The effect of PO after PR and main filter treatment on TW was observed (Table 1). Regarding mineral contents, Ca increased from 0.14 to 0.73 mg/L after PO. The effects of PO on Na, K, and Mg did not show a consistent pattern. Na changed from −0.3 to 0.03 mg/L after PO treatment. K decreased in the UF and CSM (p < 0.05) filters, and Mg levels significantly increased in NF and RO (p < 0.05). The PO seemed to give water taste for RO treatment by adding Ca and Mg. Regarding anion contents, Cl- was derived from the purification process at the water plant.
NO3 and SO42− were generated by heterogeneous and homogeneous reactions of SO2 and NOx emitted from industrial areas [28]. After PR filtration, there was no significant difference in the removal of NO3 other than in the PR-RO treatment. In SO42− removal, the main filters were statistically effective (p < 0.05), and the RO filter was the most effective in removing all SO42− in the water. Attaching PO decreased NO3 and SO42− effectively, while Cl increased significantly (p < 0.05). NO3 decreased by 0.18–0.61 mg/L, and SO42− decreased by 0–1.22 mg/L. The Cl- concentration increased by 0.14–0.99 mg/L.
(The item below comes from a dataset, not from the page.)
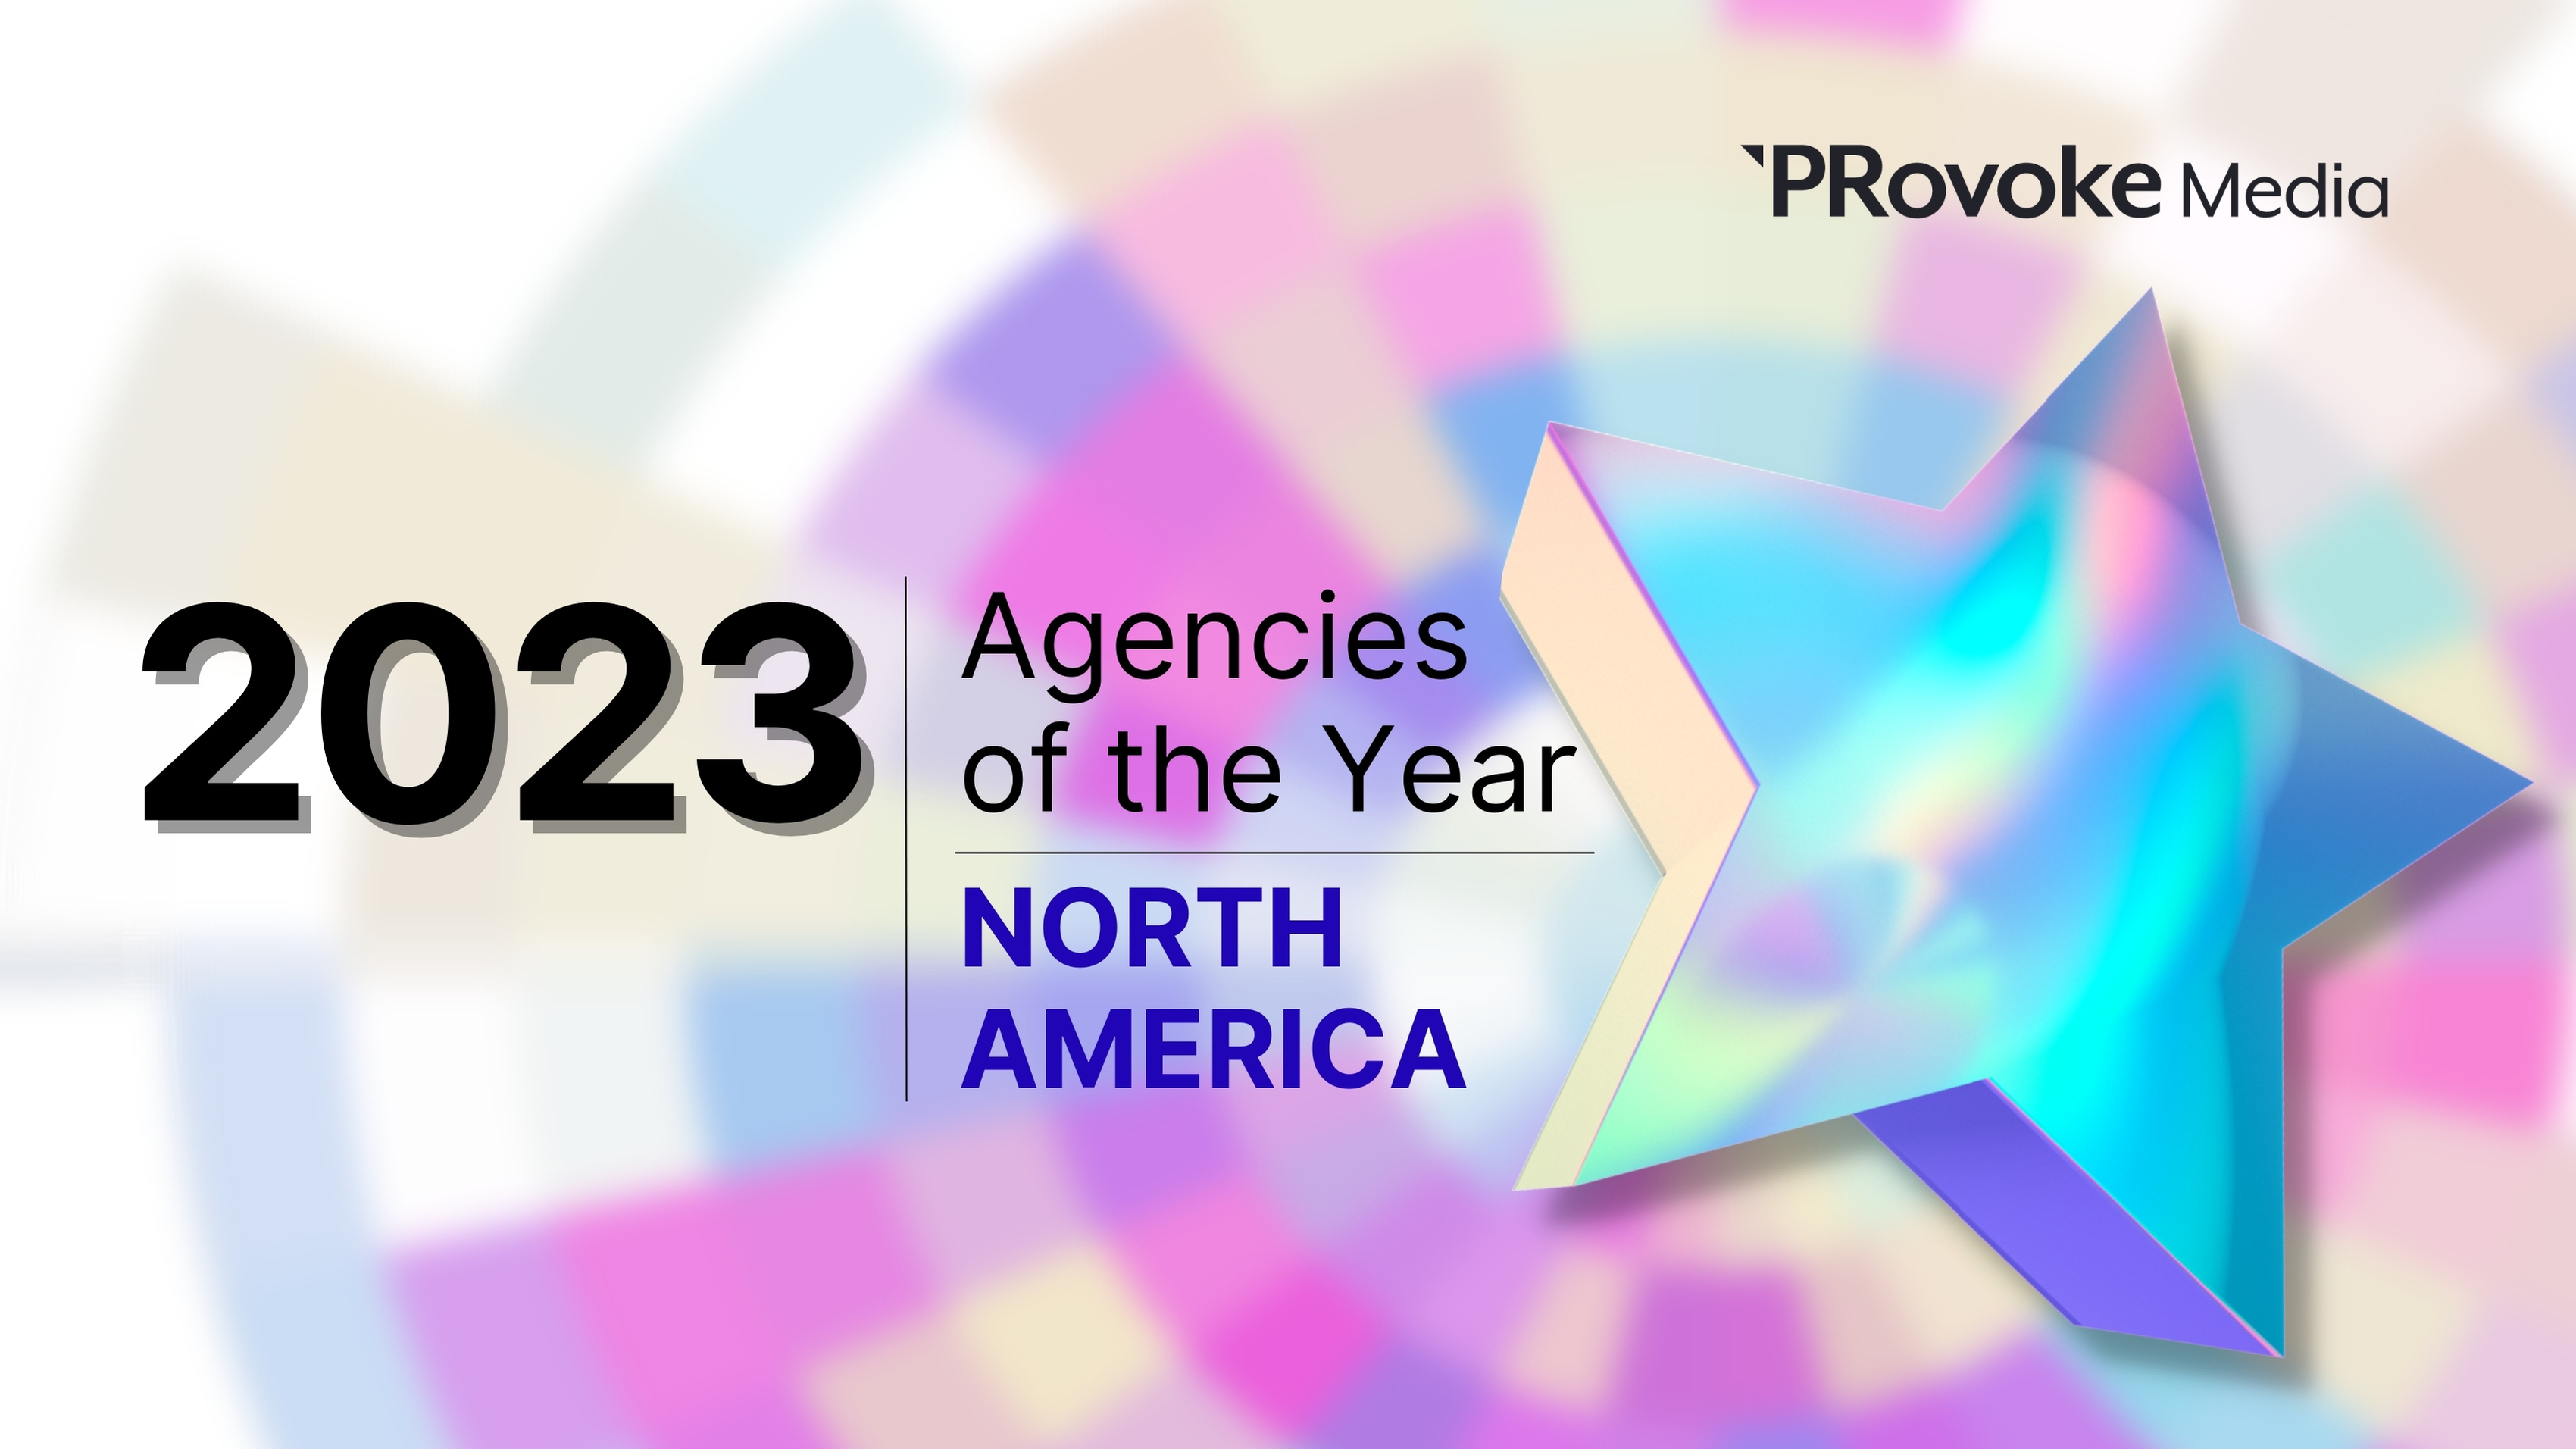 https://www.provokemedia.com/images/default-source/events-awards/2023/provoke-media-2023-global-rankings-banner-twitter-(2).jpg

To present overall sample loading to the two-dimensional plot, a PCA was conducted (Figure 2). The PCA plot explained 97.44% of the total variations (F1: 95.33%, F2: 2.11%). Additionally, the samples were grouped into three clusters according to the AHC analysis. The TW was on the right side of the plot, which meant that the TW had the highest contents of minerals and anions. PR with UF, CU, and AN filtered samples were grouped together, and the RO filtered samples were on the left side of the plot, which meant that the RO filtered most of minerals and anions.
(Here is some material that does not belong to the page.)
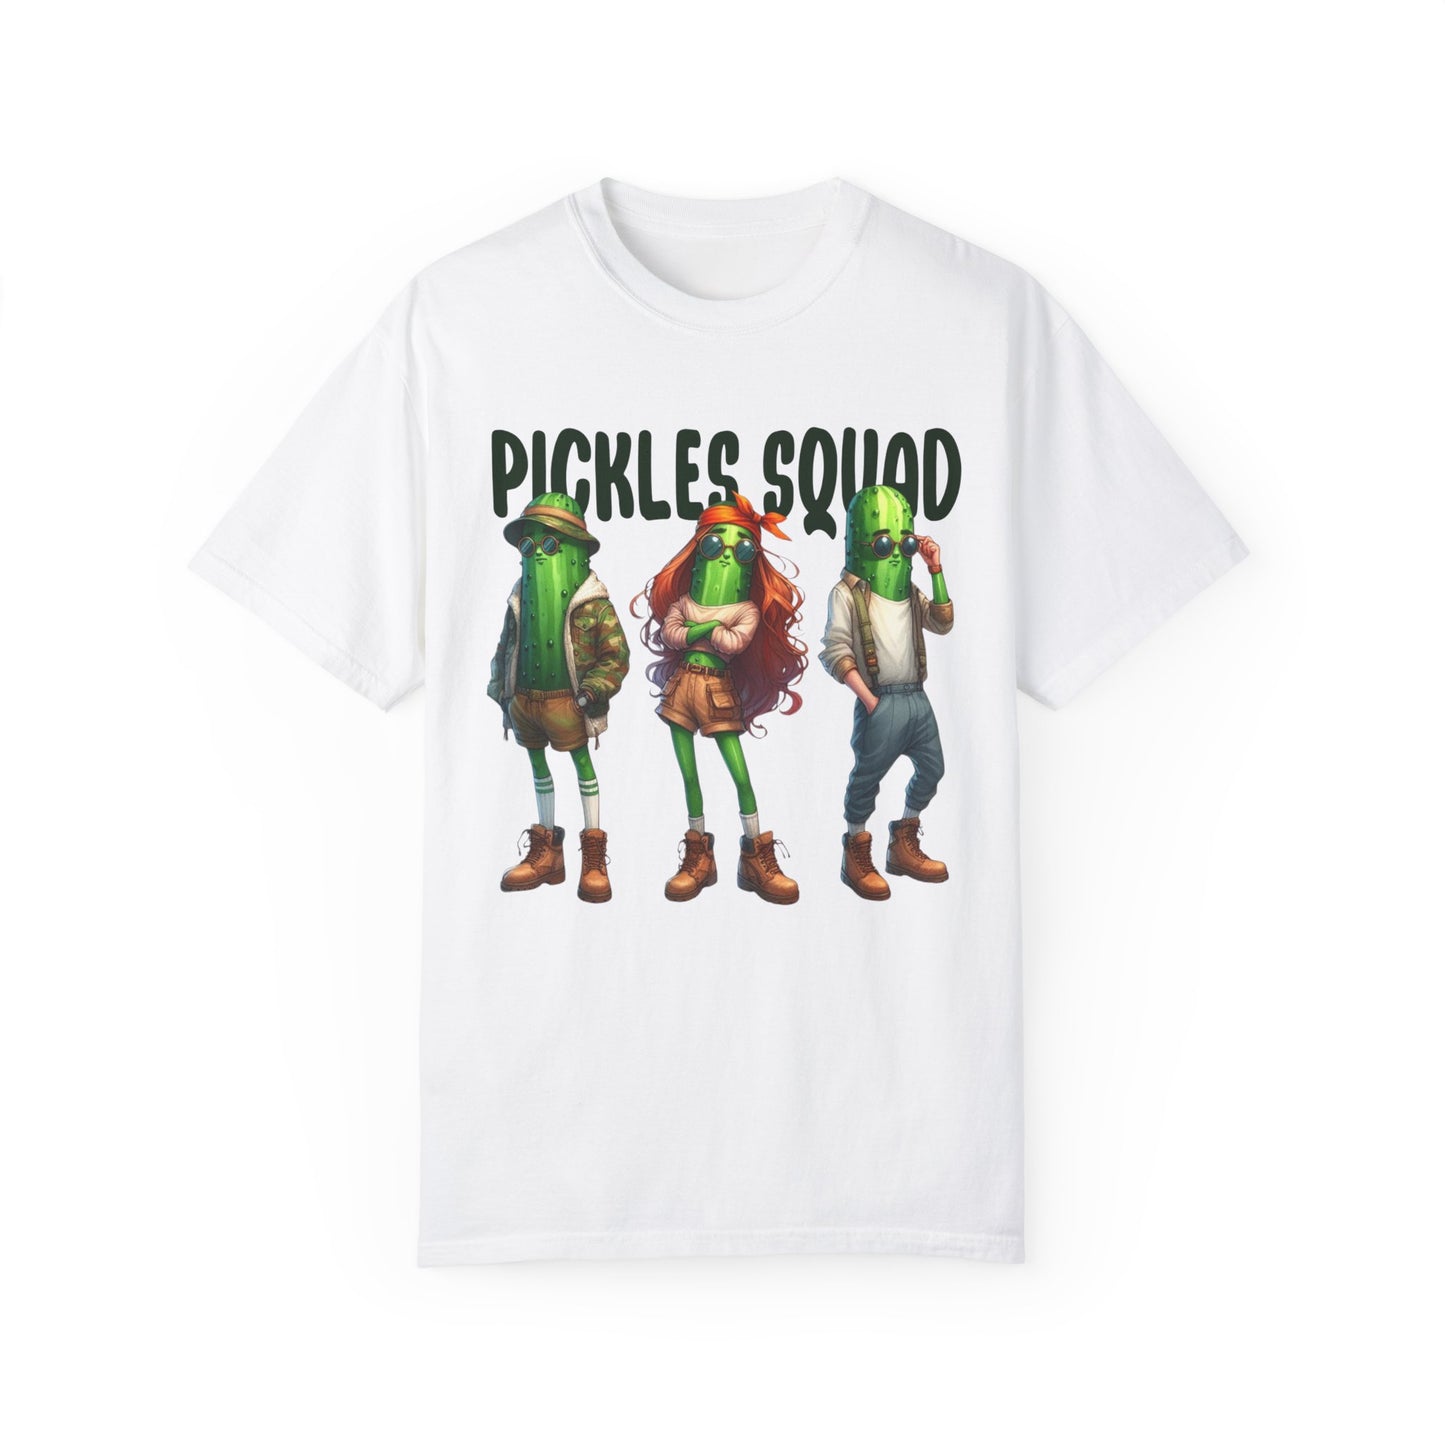 Pickles Squad

3.2. Volatile Organic Compounds in Filtered Tap Water

The results for VOCs in filtered tap water using the SPME GC/MSD method are presented in Table 2. A total of 31 VOCs were identified, including 19 hydrocarbons, 8 heterocyclics, 3 acids, and 1 aldehyde. Compared to the previous study, geosmin (trans-1,10-dimethyl-trans-9-decalol) and 2-methyl isoborneol related to malodors in water supply sources were not detected [29]. Fourteen VOCs were detected in TW, namely ethyl caprylate, phenylacrylic acid, hexane, chloroform, bromodichloromethane, dibromochloromethane, 1,2-dimethyl-benzene, 1,4-dimethyl benzene, 1,3-dimethyl-benzene, anethole, estragole, aminobenzimidazole, permetrinic acid methylaminde, and auramine, with the highest total VOC concentrations among the sample at 14.97 µg/Kg. All VOCs in TW were below the TW quality regulations in Korea [30]. Due to the chlorine treatment in municipal water treatment, relatively high concentrations of bromodichloromethane and dibromochloromethane were detected in TW [31]. After the PR filtration, the total VOC content decreased to 4.50 µg/Kg and four VCs, ethyl 6-bromohexanoate, chloroform, anethole, and estragole, were detected. The PR filter removed various VOCs; however, ethyl 6-bromohexanoate, methylcyclopentane, and estragol concentrations increased, which may have been caused by the charcoal in PR. The total concentrations of VOCs after treatment with the UF, CMS, AN, and RO filters were 2.00, 1.70, 3.70, and 2.40 µg/Kg, respectively, and were lower than those after PR treatment.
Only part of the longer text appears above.